Many parents believe that they can protect their children from everything, if you will keep them under tight control. But a recent study by scientists from the UK have found that excessive parental concern about their child can become harmful. They found that parental care beyond measure, can make a child more vulnerable to the realities of life, as in this case, the child cease to develop such useful qualities as self-assertion and independence. Therefore, such children often become the subject of ridicule from their peers and the victims of bullies. In addition, it may mean that the parents become dependent on their children.
This conclusion scientists have come as a result of analysis of 70 studies, which were attended by 200 thousand children. The analysis of the experts from the University of Warwick have also demonstrated that the more severe were brought up with children in their families, the more brutally they were treated bullies, and even higher among these children was a risk to become their victims. As noted by the researchers, warm parental relationship, coupled with a solid education is much reduced risk of being zatravlenny their peers.
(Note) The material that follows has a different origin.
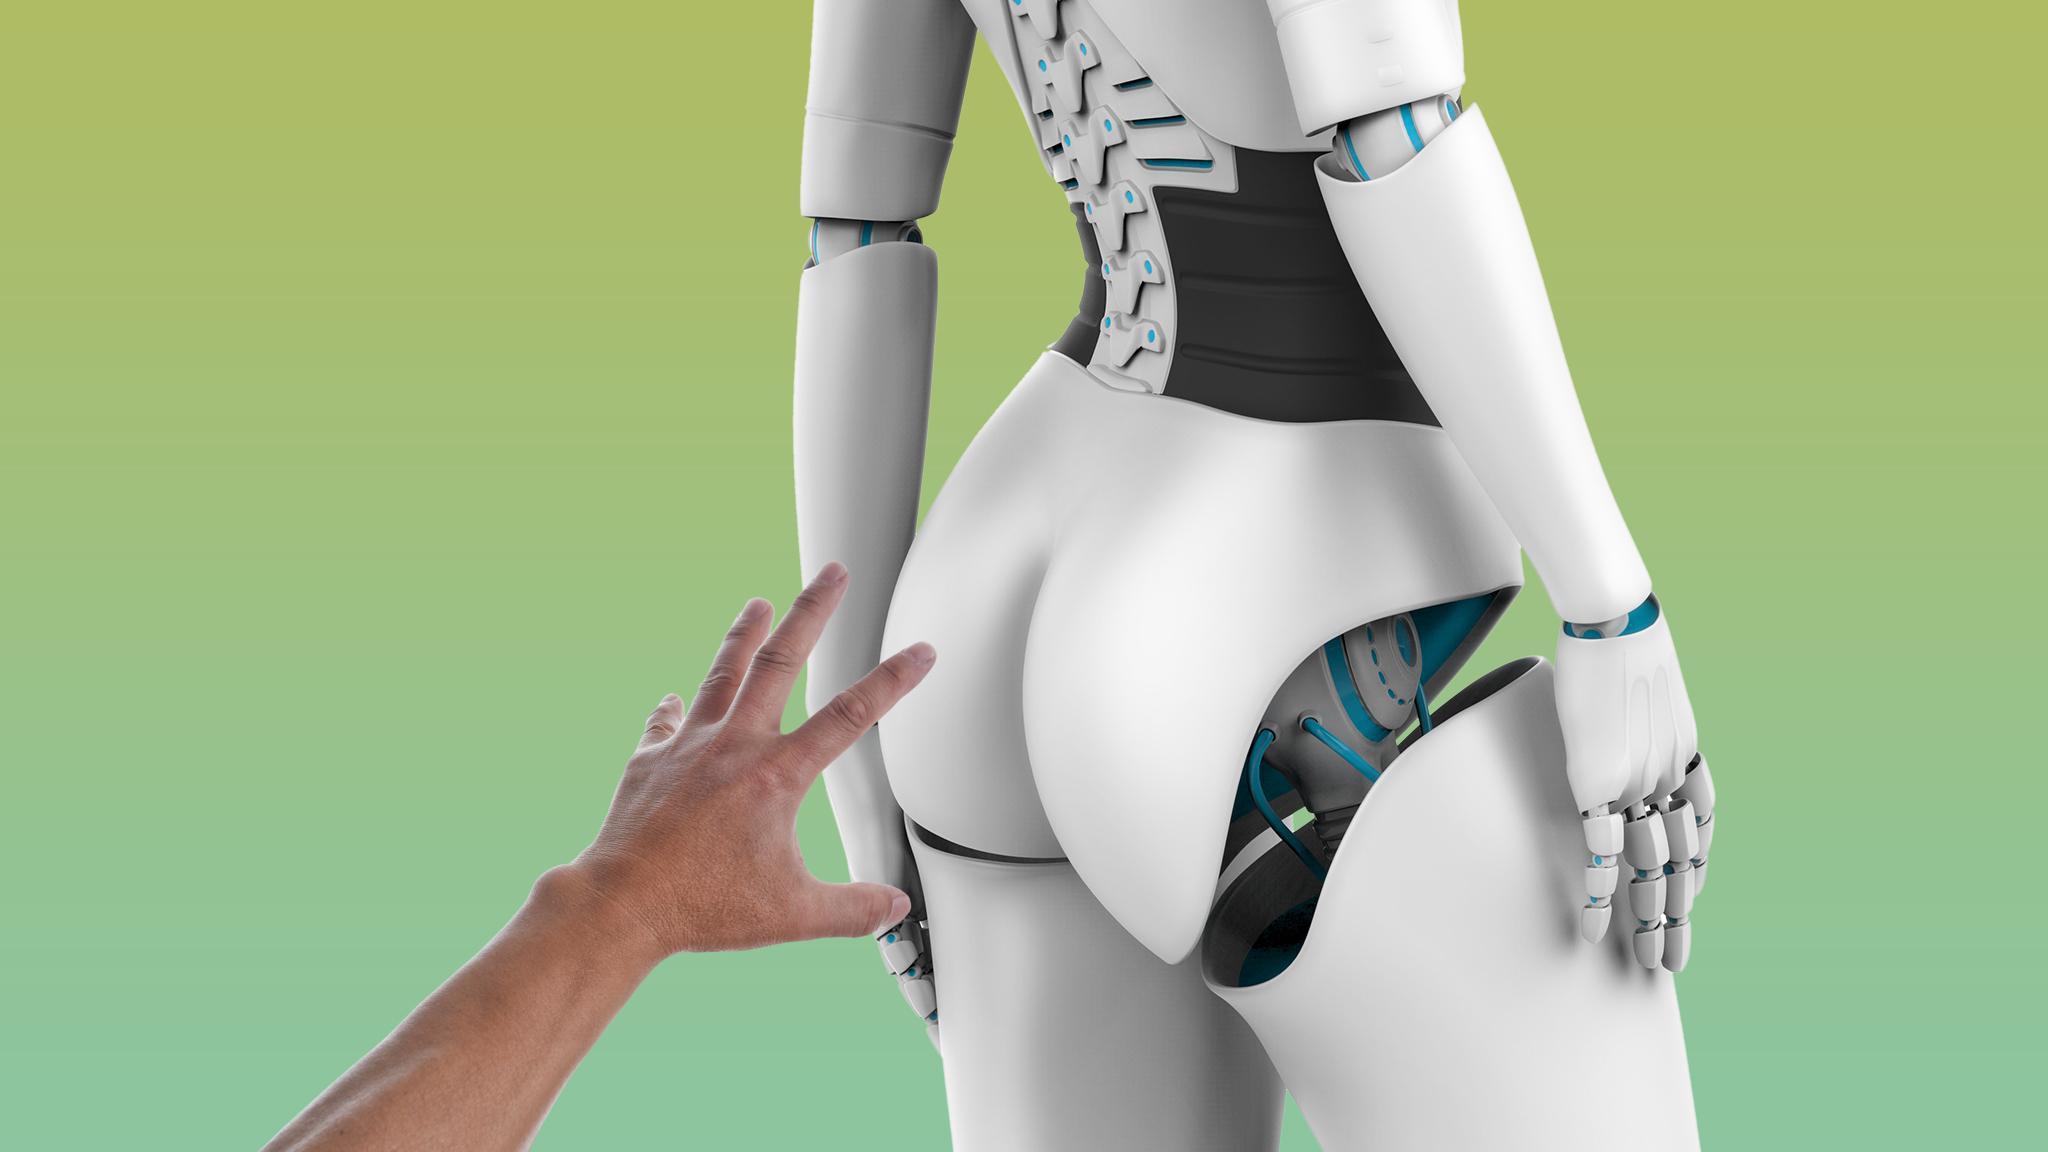 Робот трахает бабу считаю

According to one of the authors of scientific works of Dr. Dieter Wolf, in the upbringing of the child parental control and support, as well as their participation is simply necessary, but at the same time, the parent excessive protection can only harm the child in his socialization. Children need support, but some parents are trying to create for their children a kind of impenetrable buffer through which can not penetrate no negative emotion. In the end, this is not a protection, because the children are not looking for methods on how to cope with their abusers, making them even more vulnerable. Parents should remember that they will not be allowed to sit with their children at one school, summed up the scientist.
The most effective teachers are those parents who set their own rules of conduct, but at the same time continue to stay with their children's friends. Such parents superficial look at the small conflicts of their children's classmates, and I never interfere with them, allowing your child to feel that is a dispute, and how to get out of it a winner.